> Prompt
Copy down every line of the data that follows exactly. Omit the pictures.
(Dataset excerpt)
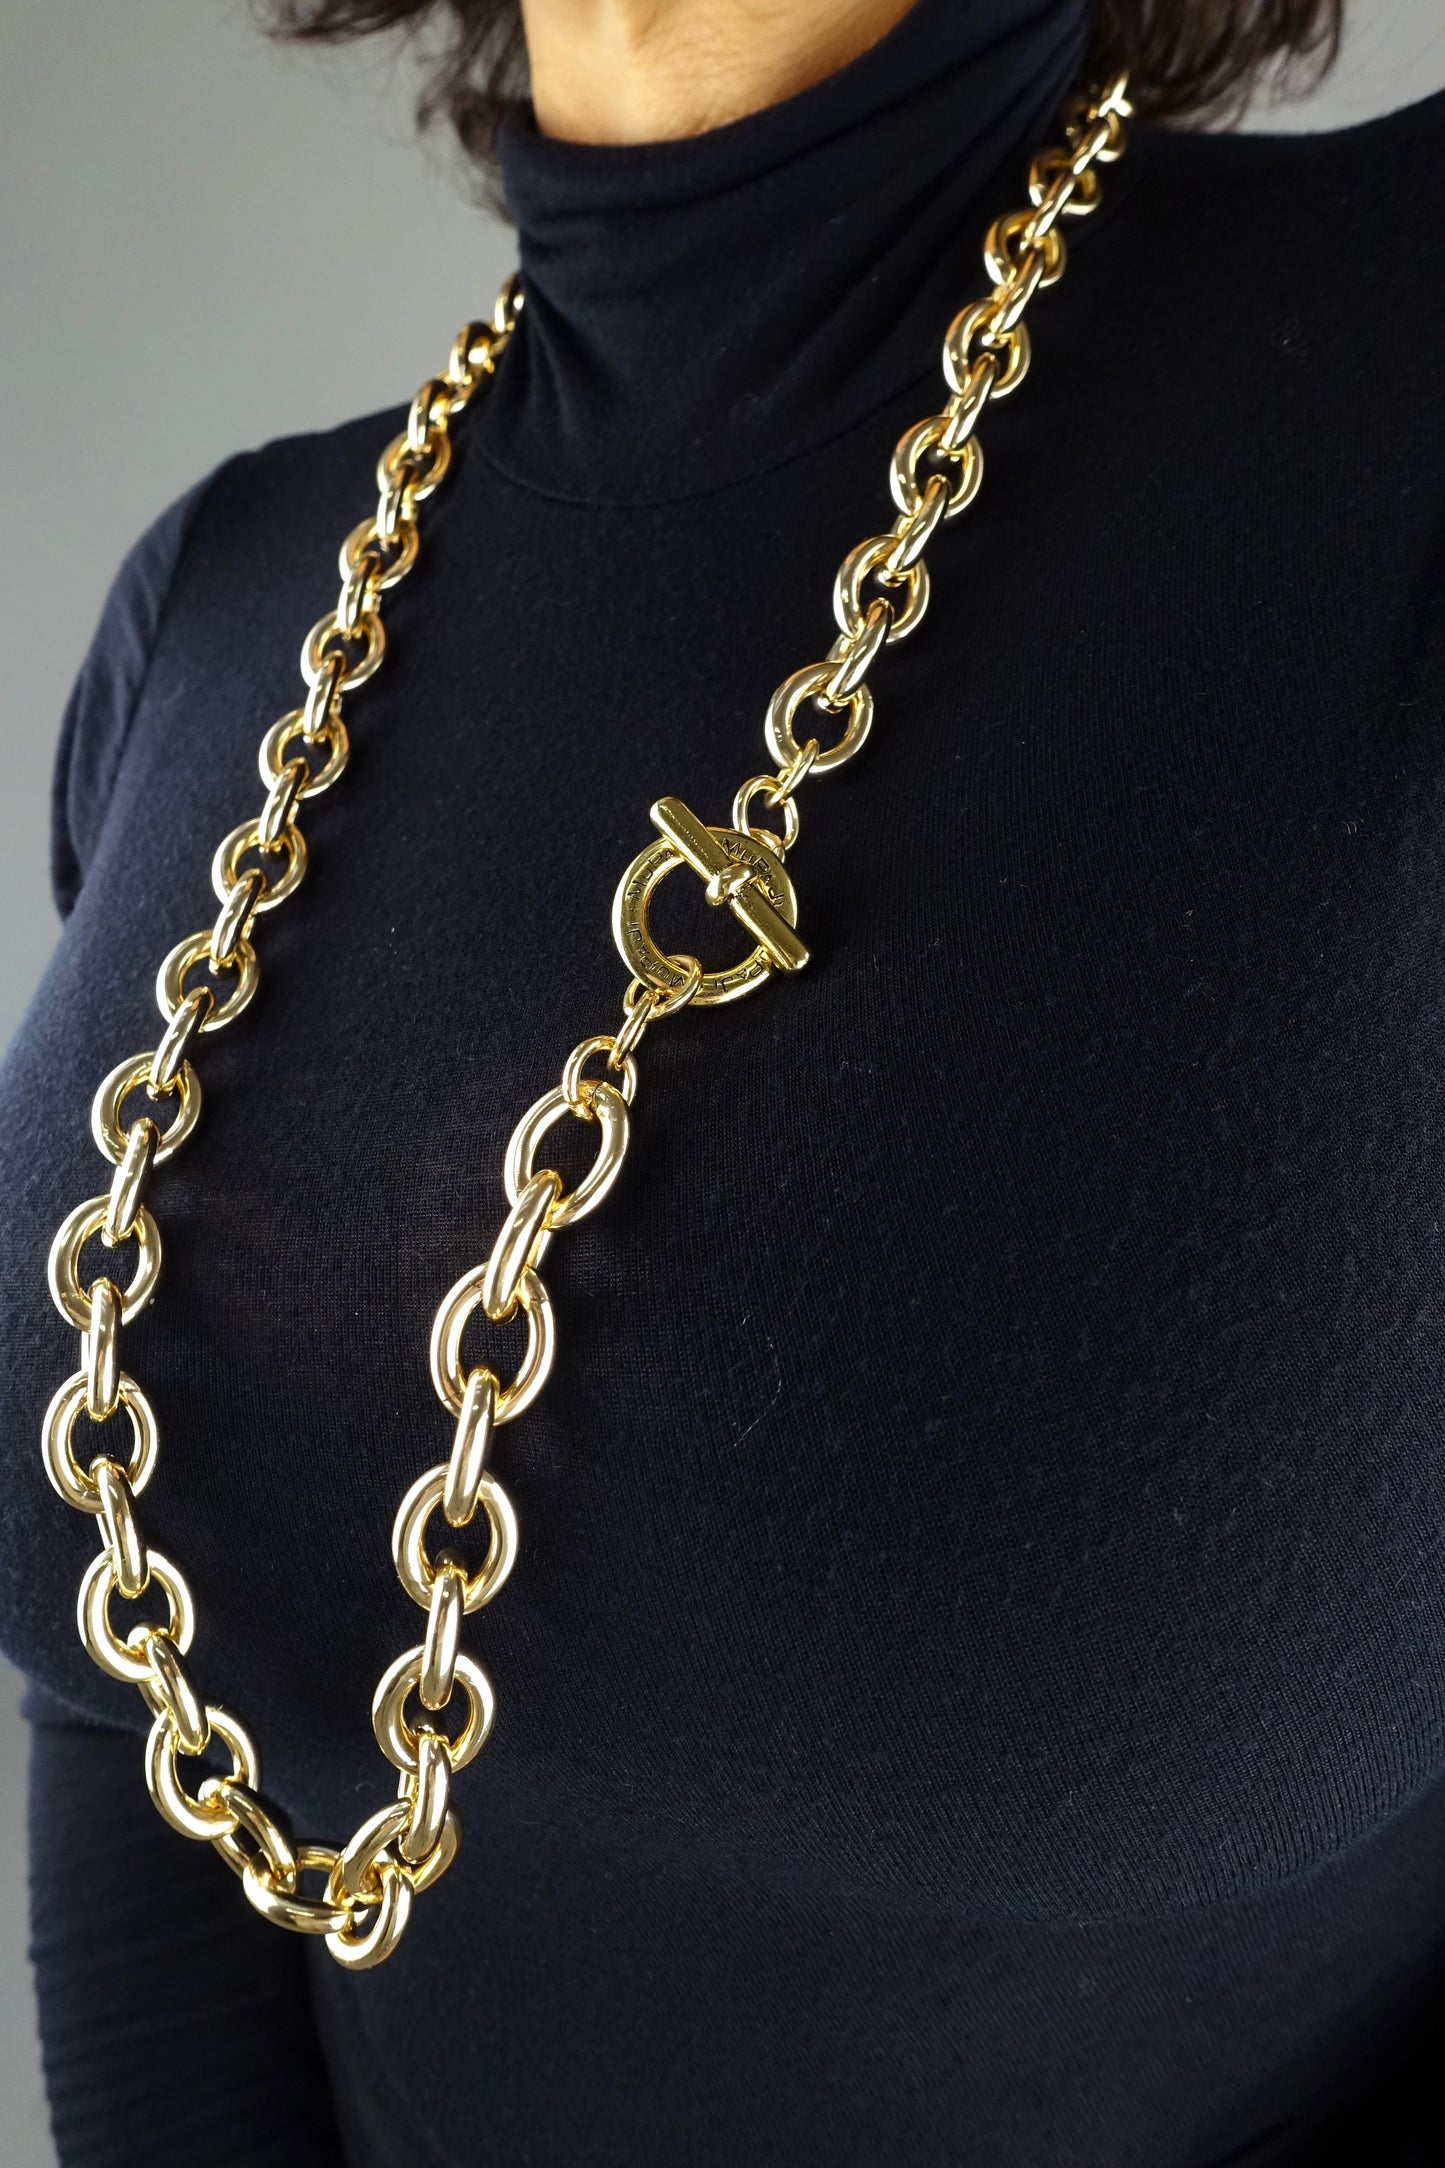 Collana lunga MC426BX
oro
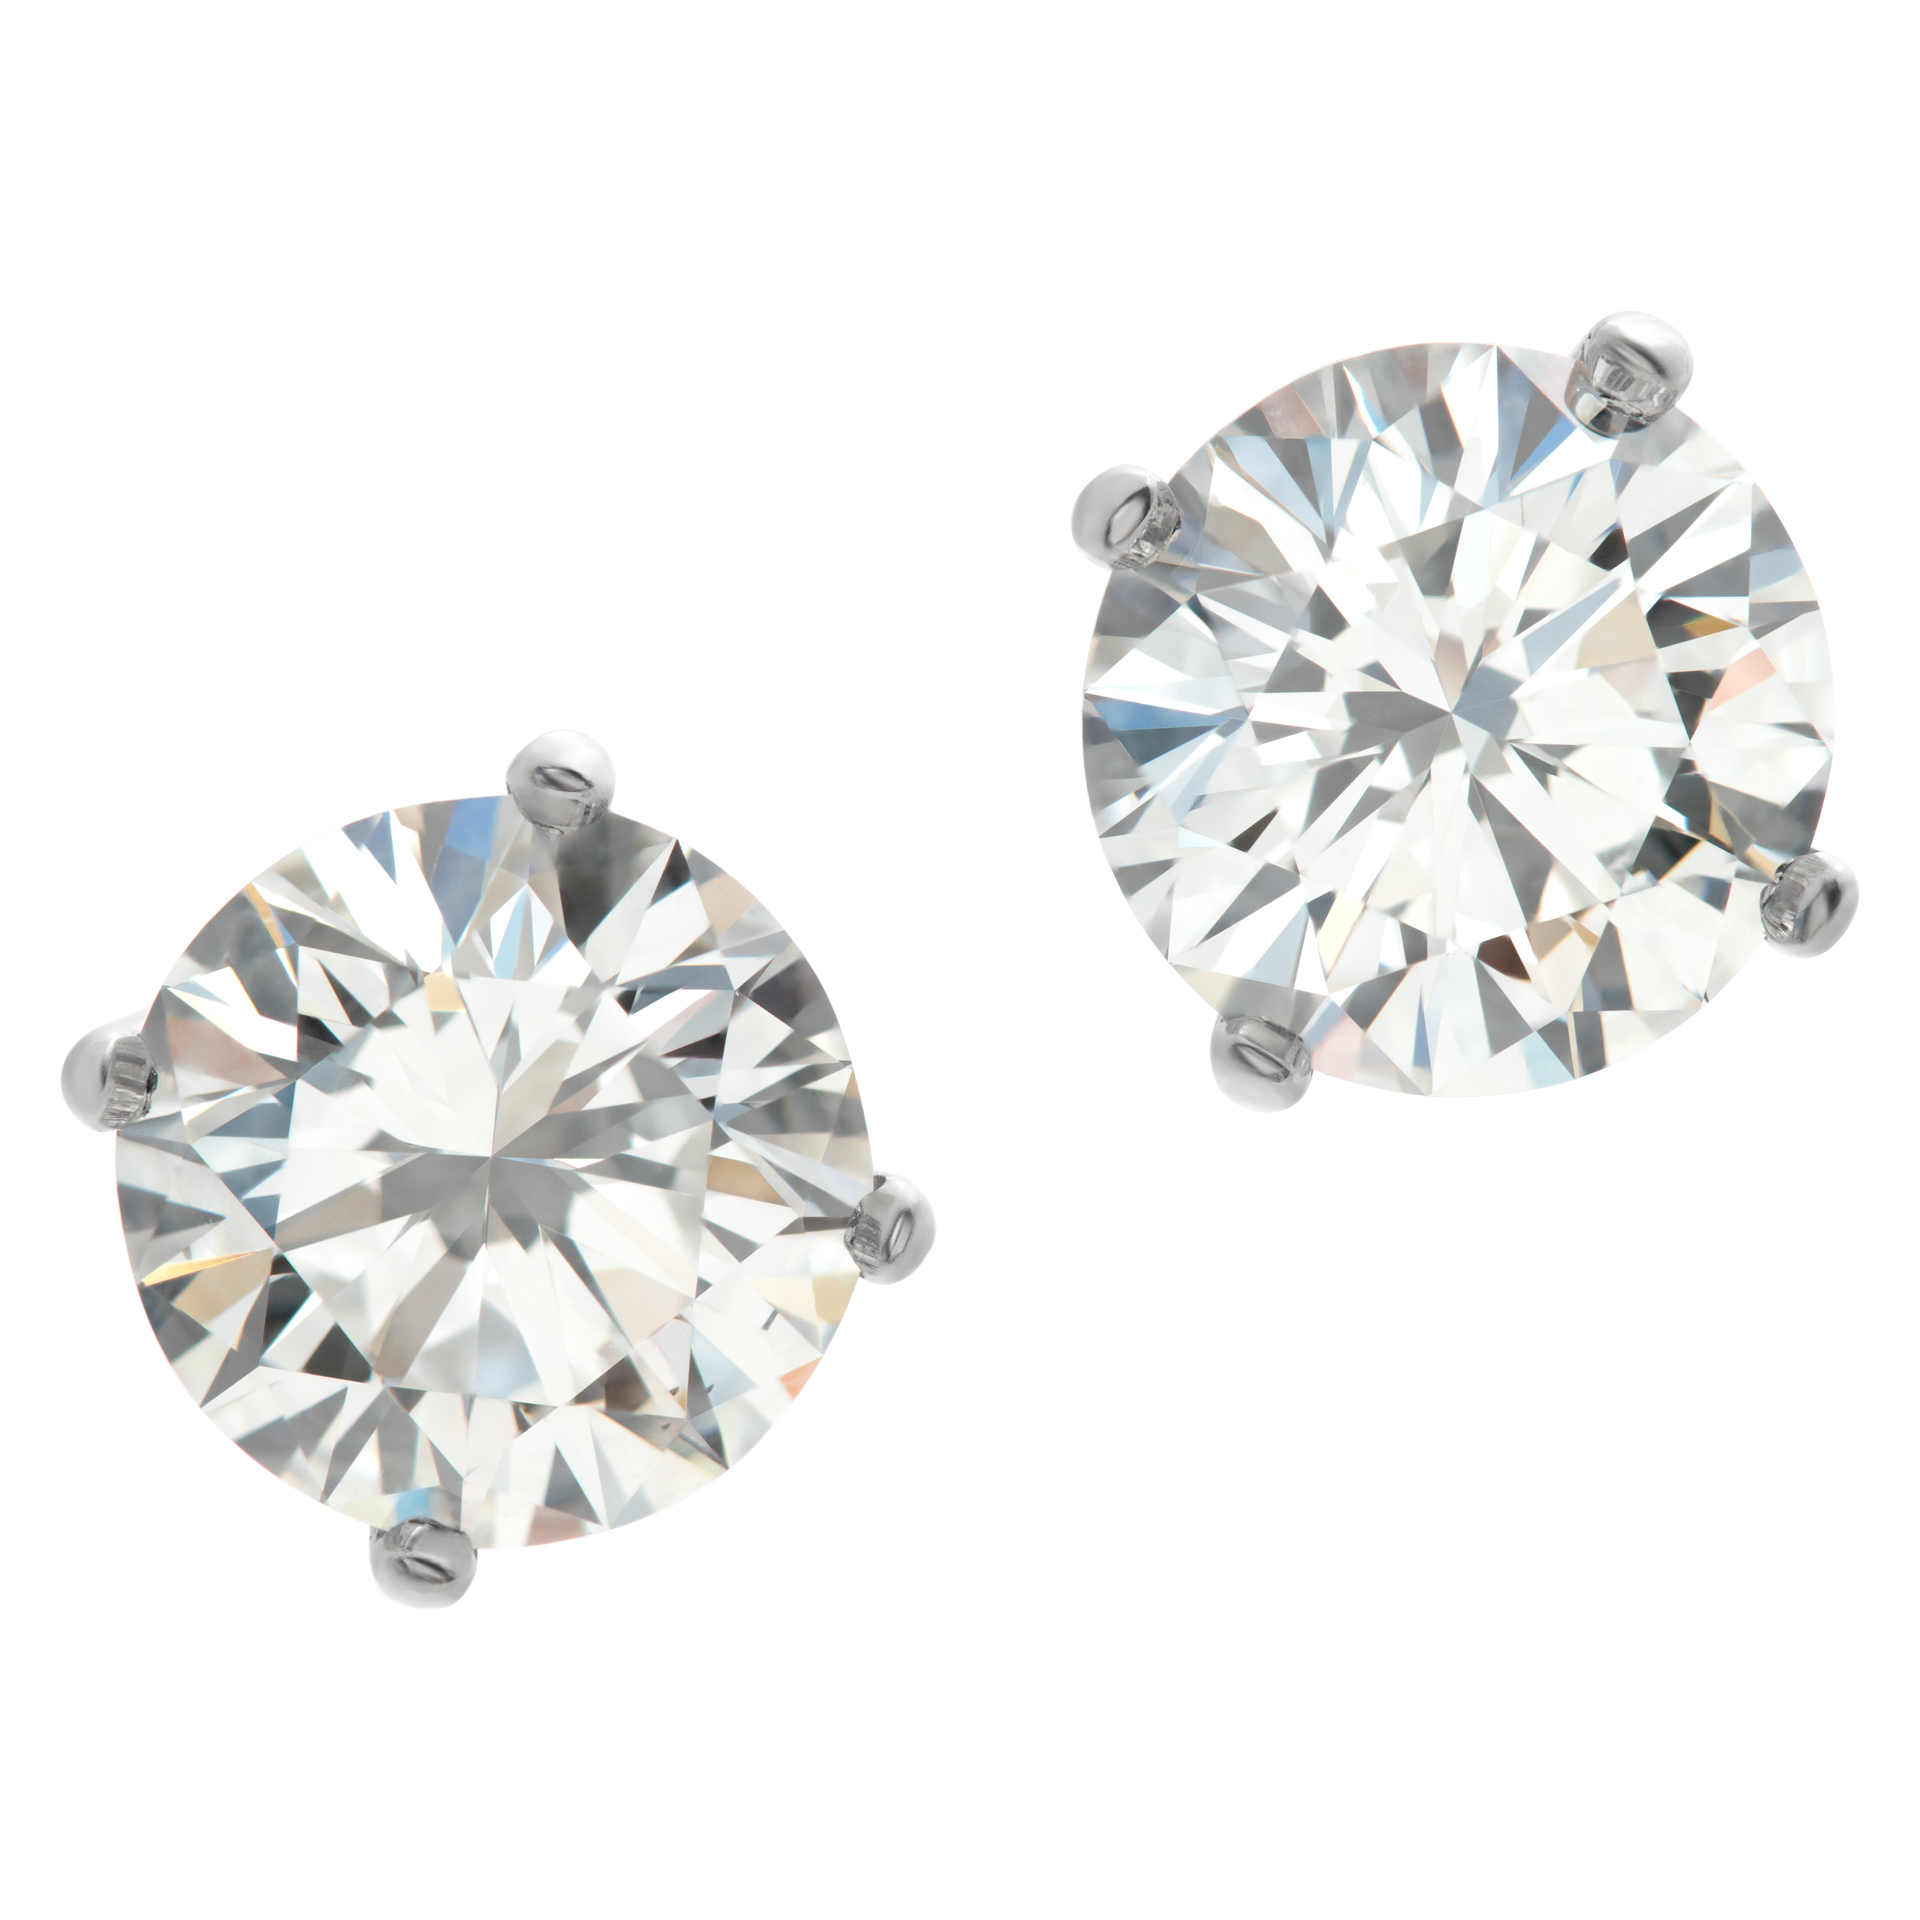 Tiffany & Co. platinum diamond studs earrings with round brilliant cut diamonds 1.66 carat (F color, VVS1 clarity) & 1.63 carat (F color, VVS1 clarity) (Stones)
(End Dataset excerpt)
> Task response
 Collana lunga MC426BX
oro
 Tiffany & Co. platinum diamond studs earrings with round brilliant cut diamonds 1.66 carat (F color, VVS1 clarity) & 1.63 carat (F color, VVS1 clarity) (Stones)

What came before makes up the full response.